– A jak wyglądało Pana pożegnanie z Arką? Kiedy Pan się dowiedział, że nie przedłużą z Panem kontraktu i w jakich relacjach pożegnał się Pan z zarządem?
– Prezes dobrze powiedział – w kwietniu już szukano trenera. To my jesteśmy przed najważniejszym meczem, 2 maja na Narodowym, a w kwietniu już dzwoniono. Te sygnały do mnie dochodziły, bo ściany mają uszy. A dowiedziałem się oficjalnie jeden dzień przed meczem ze Śląskiem Wrocław, moim ostatnim spotkaniem. Właściciel pofatygował się pierwszy raz ze mną usiąść tak jak Ty teraz i porozmawiać. Powiedział, że mają inne plany, inaczej to widzą i to jest mój ostatni mecz.
– Ale z Pana głosu i z tego, co Pan mówi, wyczuwam, że nie dogadywaliście się najlepiej z Panem Midakiem.
– Ciężko się dogadać, jak się nie gada czy tylko przez telefon. Z Panem Midakiem ustalałem transfery, nie było takich, jak ustaliliśmy. Ja jestem taki, że nie udaję. Tutaj już było nieporozumienie, ale trzeba było żyć, trenować, dawać z siebie wszystko.
– A nie ma Pan wrażenia, że na całej tej sytuacji, najwięcej stracił? Ludzie pamiętają, jak grała Arka w ostatnim półroczu – nie było tam ani jednego wyjazdowego zwycięstwa, widzą też, że właściciel wziął nowego, nieoczywistego trenera z I ligi, zrobił kilka ciekawych transferów. Właściciel wygląda w tym wszystkim dobrze, bo cała wina za poprzedni sezon ligowy została zrzucona na Pana.
– I życie toczy się dalej. Trzeba z tym żyć, nie takie rzeczy się zdarzają. Ja się mam dobrze, Arce życzę dobrze. Panu Midakowi tak samo. Jest młodym chłopakiem, niech się uczy, bo pewne rzeczy też sobie wyjaśniliśmy, ale to zostanie naszą tajemnicą.

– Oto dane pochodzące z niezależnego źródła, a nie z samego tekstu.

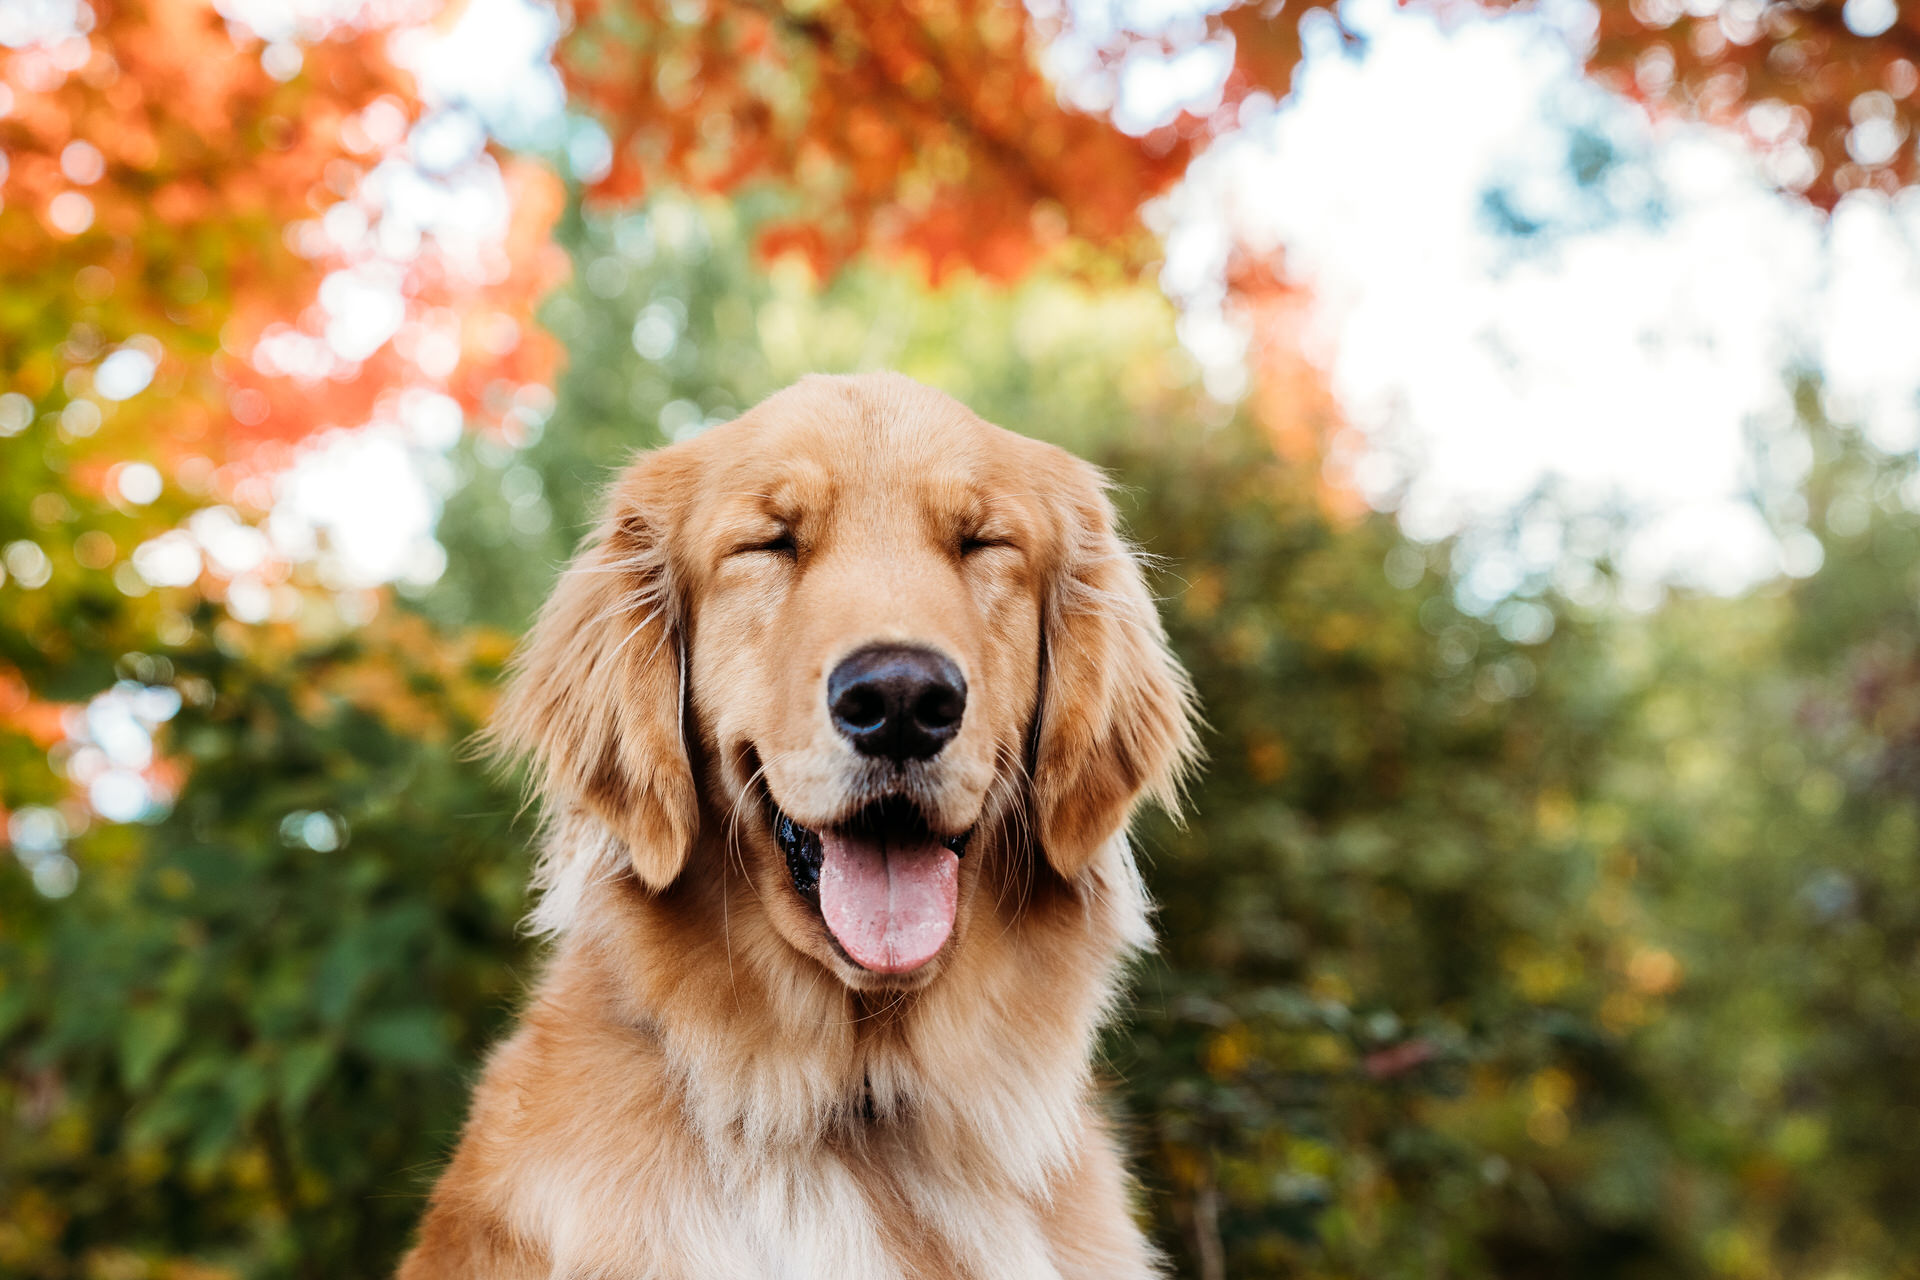 golden retriever smiles with his eyes closed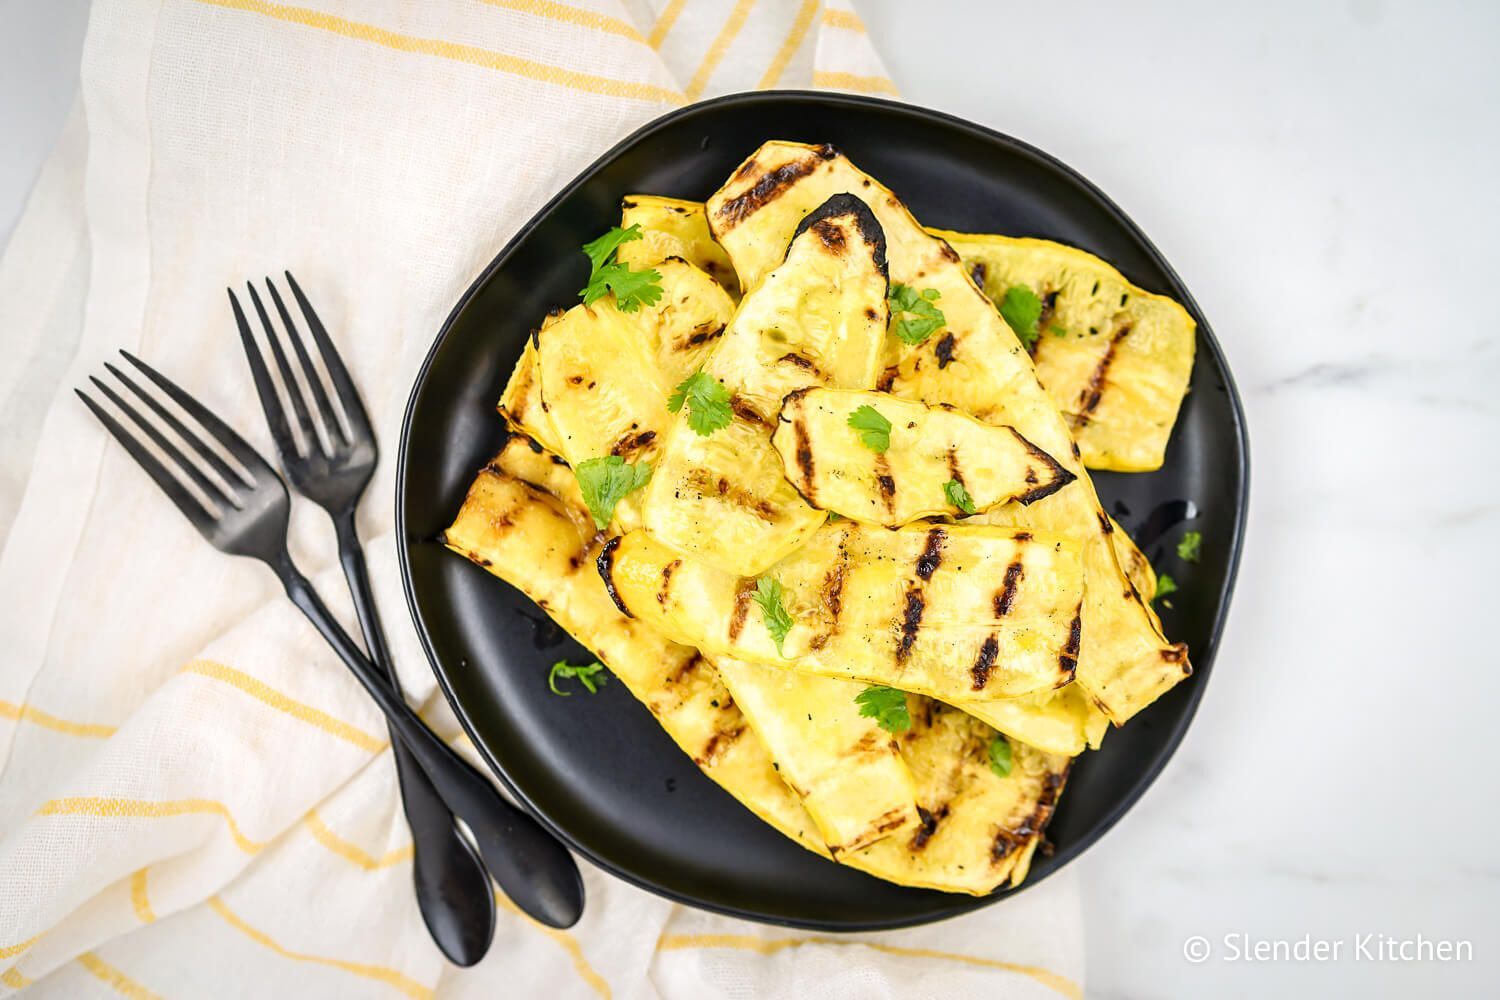 Grilled yellow squash on a black plate sprinkled with parsley.

Zawsze na trenera spada odpowiedzialność. Ci, którzy działają, mają łatwiej, żeby pewne rzeczy zretuszować. Jeśli ktoś mądrze na to wszystko spojrzy, to wyciągnie odpowiednie wnioski. Ja poczekam. Życzyłbym sobie, żeby kolejny klub był rozwojowy i żeby były ambitne cele.
– A gdyby to był rozwojowy klub, z wizją, która by Panu odpowiadała, ale w I lidze – zgodziłby się Pan?
– Jakby był ciekawy projekt i możliwości – może. Ja już w piłce przeżyłem trochę. Przychodziłem, kiedy nogi się trzęsły i miała być walka o utrzymanie, a po trzech miesiącach zmienił się cel na awans. Takie sytuacje były w niższych ligach, ale w ekstraklasie podobnie. Jeśli będzie to ciekawa propozycja, to czemu nie? Z każdym trzeba rozmawiać i czasami można zrobić krok w tył, żeby wystrzelić.
– Puchar Polski, który udało wam się zdobyć, dzielił Pan z Grzegorzem Nicińskim. Później całą tę samą drogę sam Pan przebył, tylko tym razem bez sukcesu. Dało to Panu takie poczucie spełnienia, że też się panu udało i nie trzeba było dzielić tego sukcesu na pół?
– Sukcesu nie było, może mały, że znaleźliśmy się drugi raz w finale, ale przegraliśmy. Nie podchodzę do tego tak, żeby komuś cokolwiek udowadniać.
– A ma Pan jeszcze marzenia zawodowe, czy to już są tylko cele, albo może pragmatyzm wszystko to w Panu zabił?
– Nie, marzenia jak najbardziej mam. Tylko wiem, jak to wszystko u nas wygląda. Łatwiej je realizować, kiedy trafi się na lepszy grunt. Marzeniem jest przede wszystkim grać o mistrzostwo Polski, grać w Lidze Mistrzów. Ostatnio na arenie europejskiej niektóre kluby, trzeba tak powiedzieć, się ośmieszyły – taka jest prawda. Chciałbym przerwać taki stan rzeczy, ale wiem, że to się samo nie zrobi. Albo masz piłkarzy na bardzo wysokim poziomie, albo sam ich do niego doprowadzisz. Żeby to zrobić potrzeba czasu.
– A reprezentacja jest Pana marzeniem?
– Na pewno. Będąc trenerem ligowym, zdobywając mistrzostwa i grając na arenie międzynarodowej, jest duża szansa na zaistnienie w reprezentacji. Jurek nie ma sukcesów w lidze, ale ja nie byłem takim wybitnym piłkarzem, jak on. Takim zawodnikom jest o wiele łatwiej osiągnąć tak wysoki pułap na ławce trenerskiej, bo widzieli dużo. A Ty, jak nie byłeś wybitnym piłkarzem, to masz gorzej. Musisz bronić się wynikami i codzienną pracą.